Ban for GP with ‘unhealthy obsession’ with lasers

A decades-long career in general practice has come to an abrupt 18-month suspension for a South Australian physician, after a disciplinary tribunal found he repeatedly violated a standing ban on promoting controversial low-level laser therapy (LLLT) to his patients. The South Australian Civil and Administrative Tribunal handed down the ruling against Mark Rogers, a long-serving Adelaide-based GP who admitted to an ‘almost delusional, unhealthy obsession’ with the alternative treatment.

The saga of Rogers’ unauthorized practice stretches back more than a decade, court documents show. Seven years ago, regulators first barred Rogers from offering LLLT to his patients, after confirming he made misleading claims about what the therapy could achieve. Most infamously, Rogers had publicly asserted LLLT could be used to treat Alzheimer’s disease, a claim he has since admitted was entirely false.

Rather than adhering to the 2016 ban, the tribunal found Rogers intentionally and blatantly ignored the regulatory order for years, continuing to steer patients toward LLLT throughout the following decade. The Medical Board of Australia eventually referred the case to the tribunal, bringing six separate misconduct charges against Rogers. Those charges covered failures to deliver adequate patient care, failures to disclose clear conflicts of interest, inappropriate financial and commercial arrangements with a patient, distribution of false and misleading medical information, breaches of a formal agreement with the national medical board, and violations of the conditions of his medical registration.

The tribunal upheld all six allegations, confirming that Rogers provided inadequate treatment and dangerous inappropriate advice through his repeated recommendations of LLLT. LLLT, sometimes called cold laser therapy, is a non-invasive procedure that uses low-intensity infrared light, marketed most commonly for pain management and inflammation reduction. The treatment remains deeply controversial in mainstream medicine, with multiple independent clinical trials finding LLLT produces outcomes no better than a placebo for most patients.

What made Rogers’ violations more serious, the tribunal noted, was the undisclosed personal financial stake he held in the therapy, creating an unreported conflict of interest that put his commercial gain ahead of patient welfare.
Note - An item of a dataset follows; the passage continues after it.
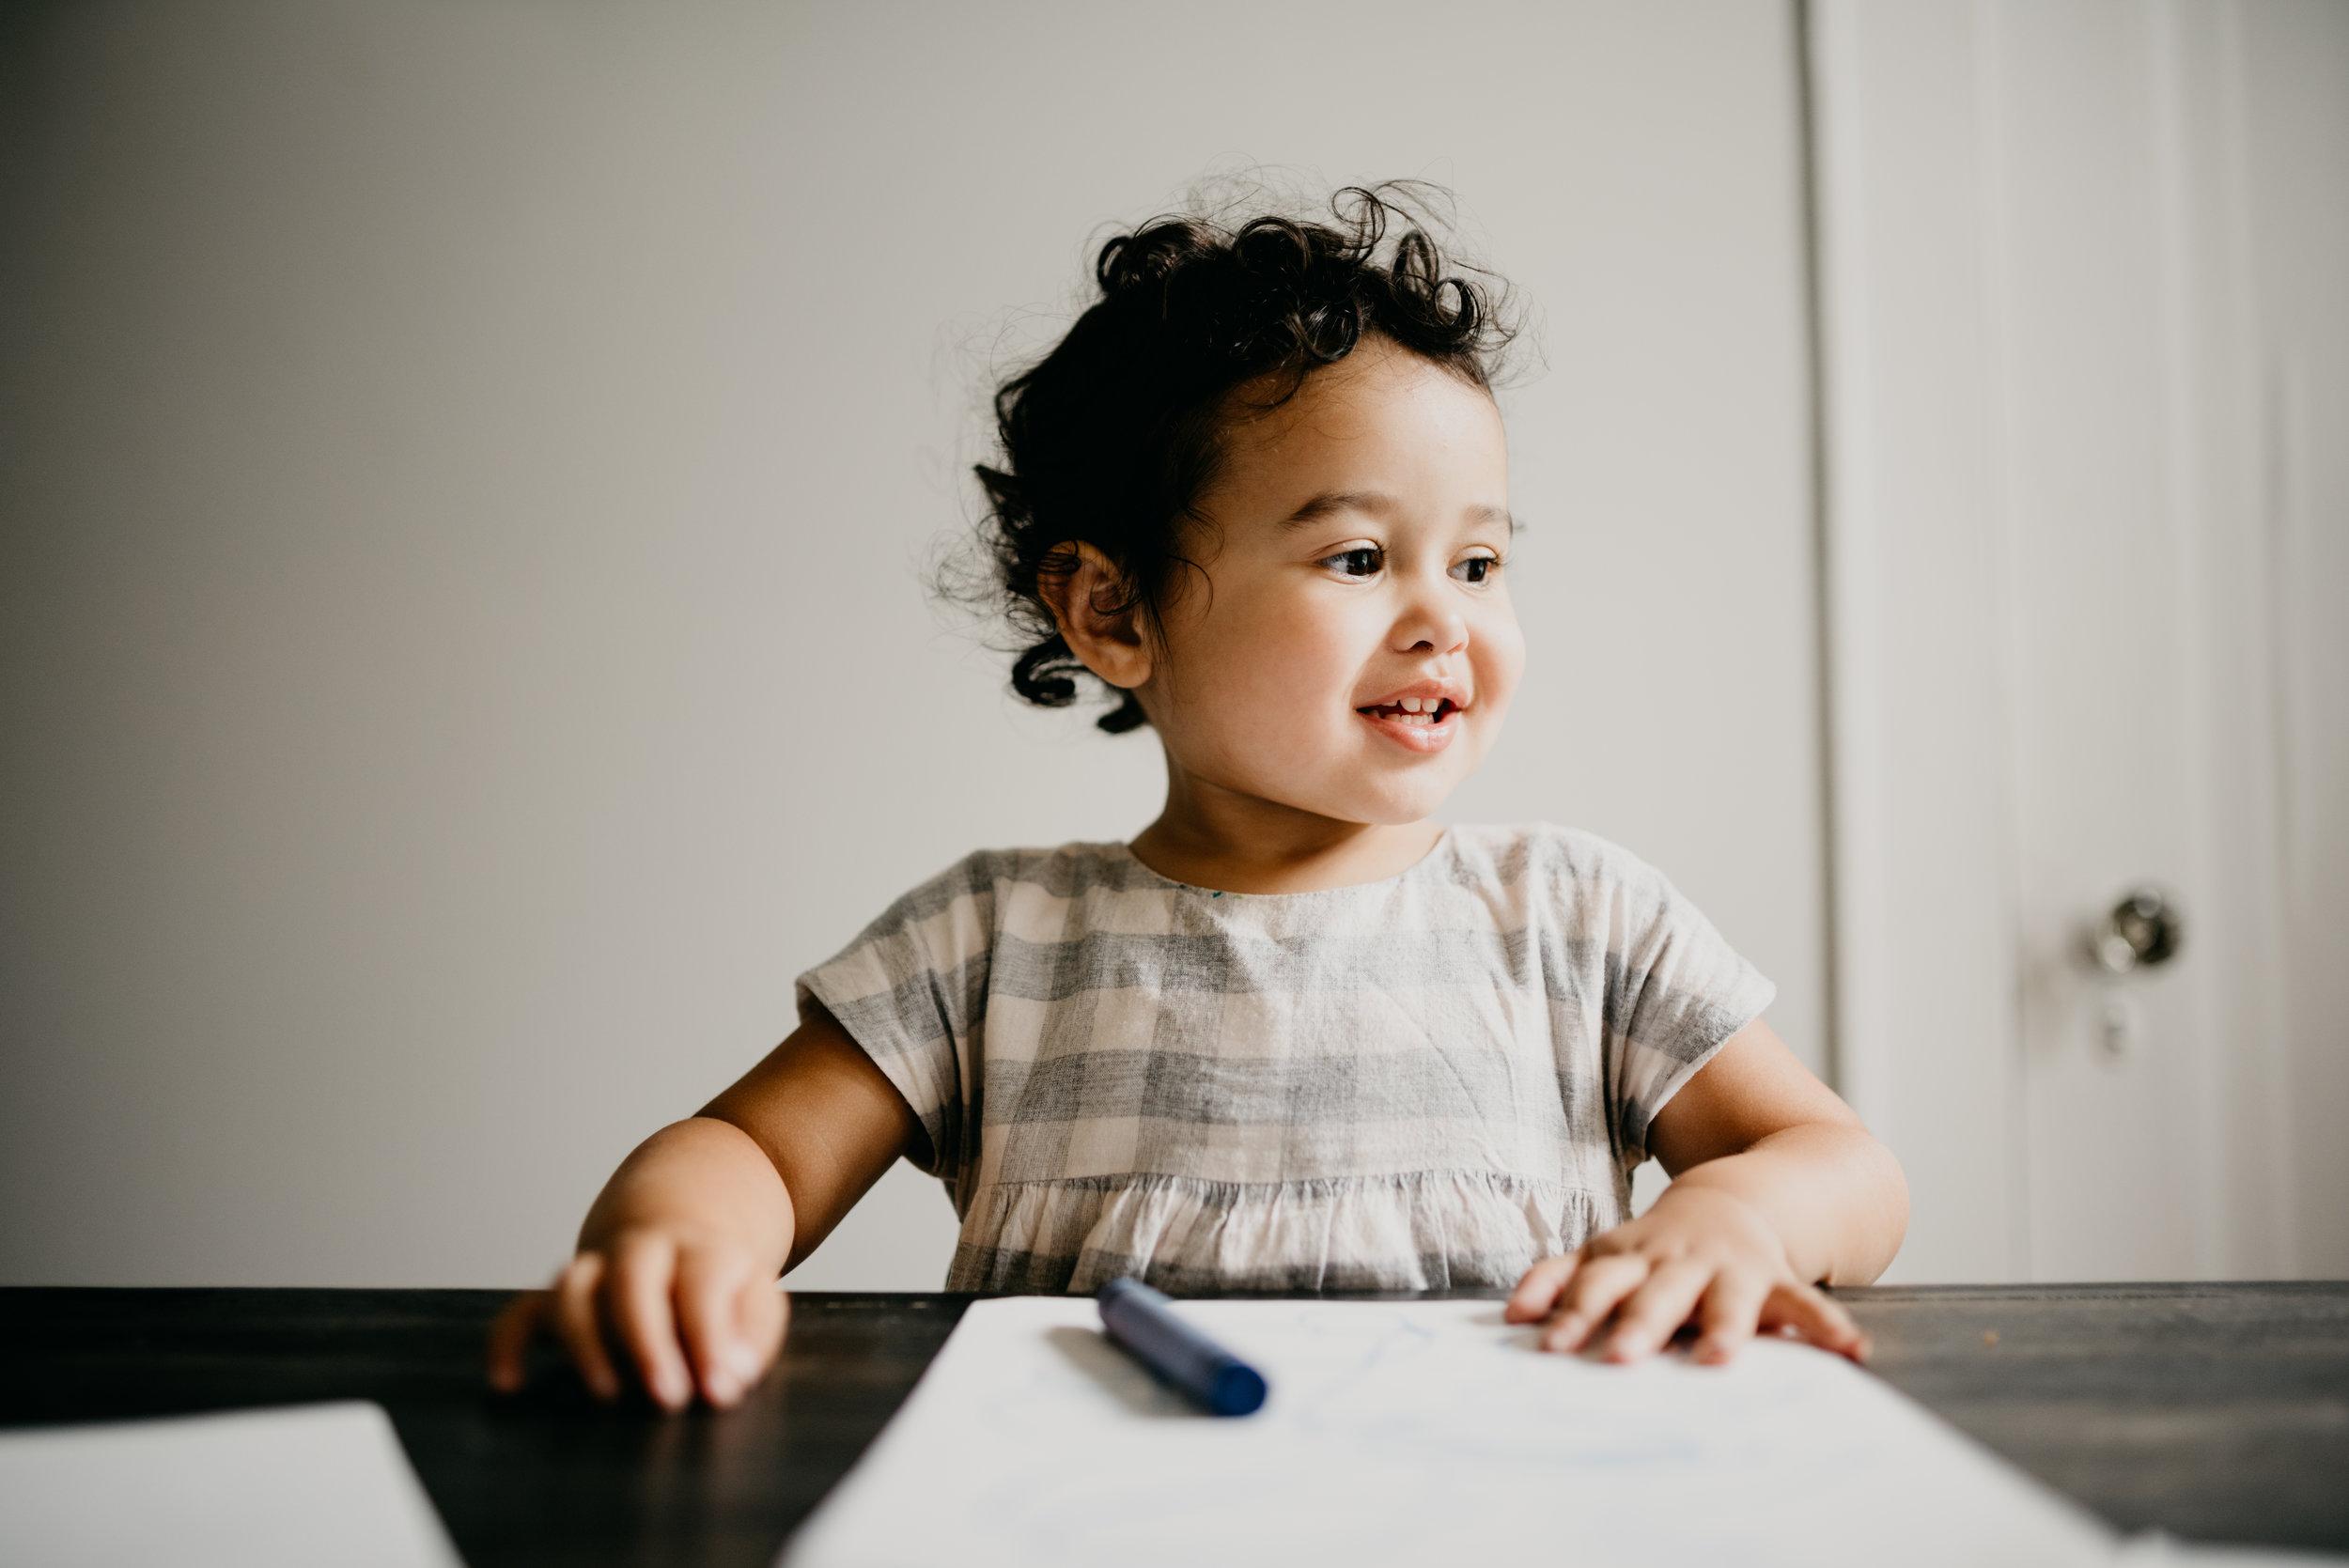 Ehrman-Massachusetts-In Home Lifestyle Maternity Session-Documentary Family Photographer-763.jpg
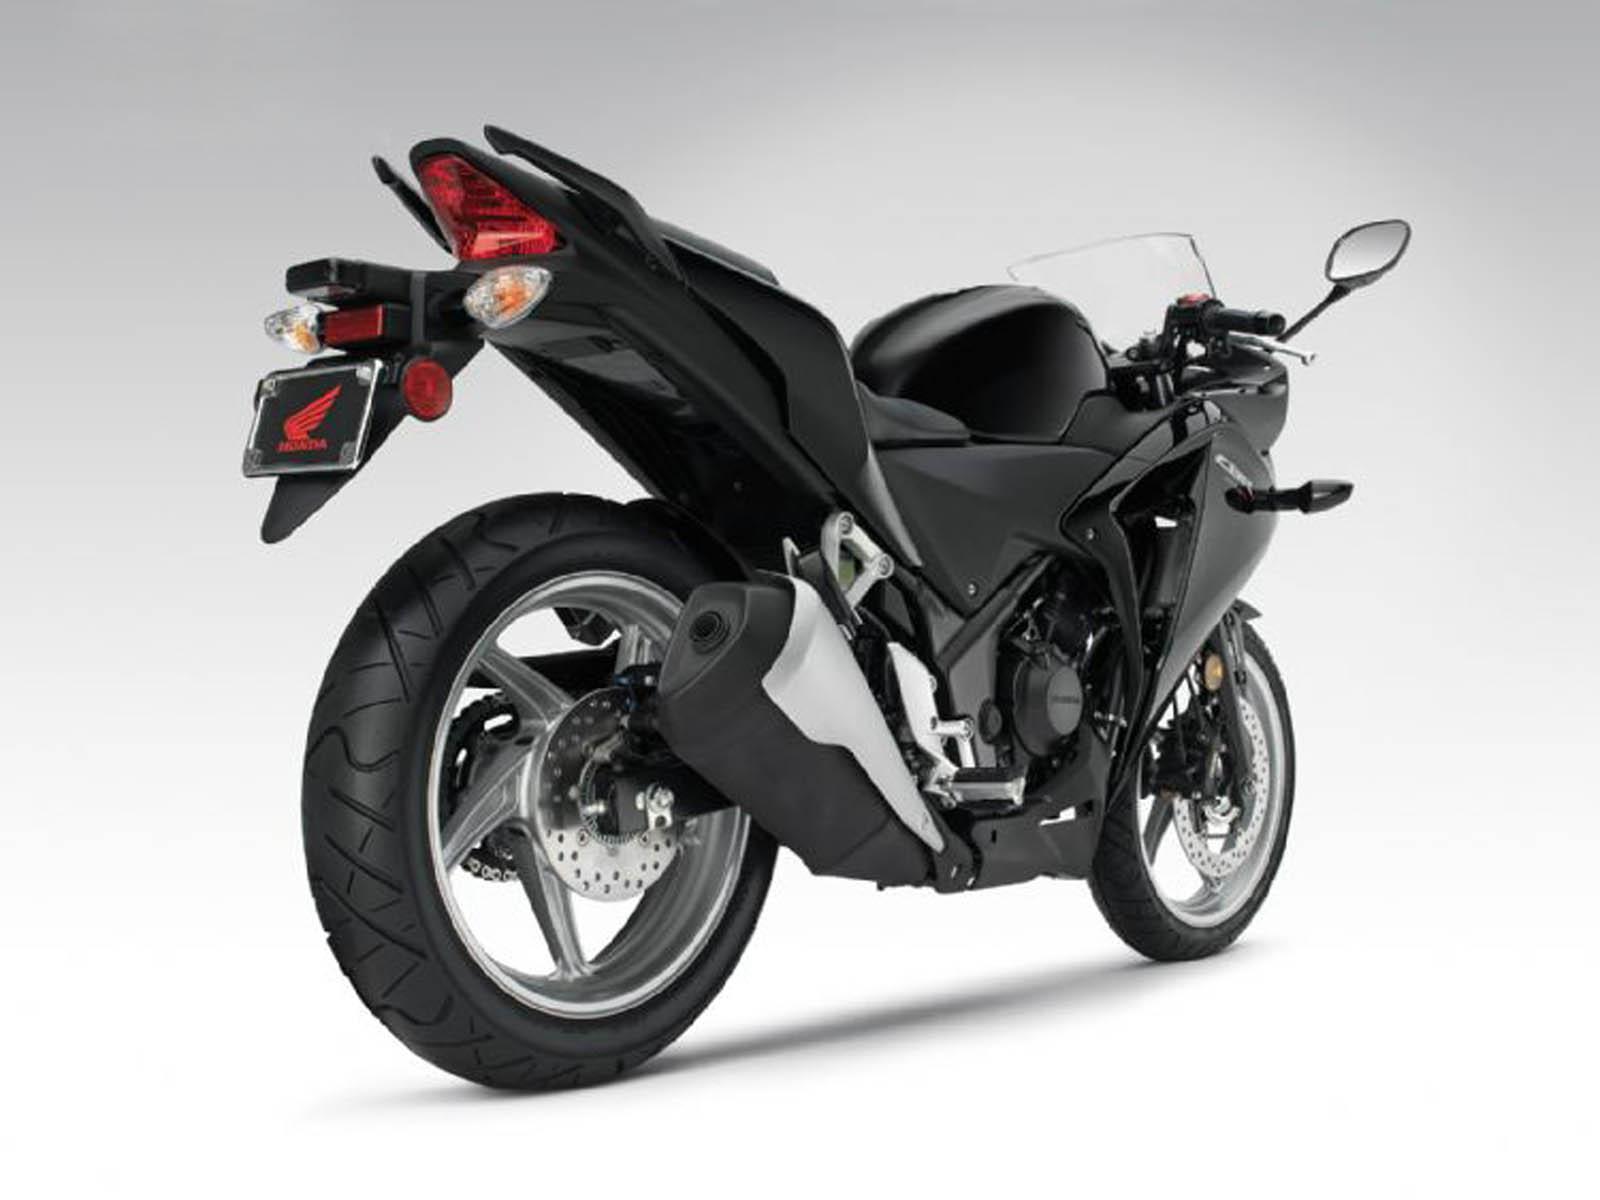 http://1.bp.blogspot.com/-lXSffoLjje4/UBa8hKD6EEI/AAAAAAAAG5c/_iZppk3iPrs/s1600/Honda+CBR+250R+Bike+Wallpapers+7.jpg

In his testimony to the tribunal, Rogers acknowledged his problematic fixation on LLLT, stating he now hates the treatment and regrets ever becoming involved with it.

However, the tribunal panel ruled that this belated admission was not enough to warrant leniency. ‘While we accept that Dr Rogers admits his behaviour, it cannot be overlooked that he has, in a sense, been forced into compliance by these proceedings against the background of the previous disciplinary orders,’ the tribunal’s finding read. ‘On our assessment of him during his evidence, we do not consider that he has developed sufficient and sincere insight into his behaviour.’

The ruling cancels Rogers’ medical practitioner registration immediately and bars him from reapplying for his license for a period of 18 months. In explaining the harsh penalty, the panel emphasized it was designed to protect the public and reinforce trust in the Australian medical system. ‘We believe that the public will be properly protected, that their faith in the medical profession can be restored and that a very strong message will be sent to the medical profession, in particular that dishonest conduct towards the health regulators and disregard for orders of a disciplinary tribunal will not be tolerated and will be met with harsh sanctions,’ the ruling stated.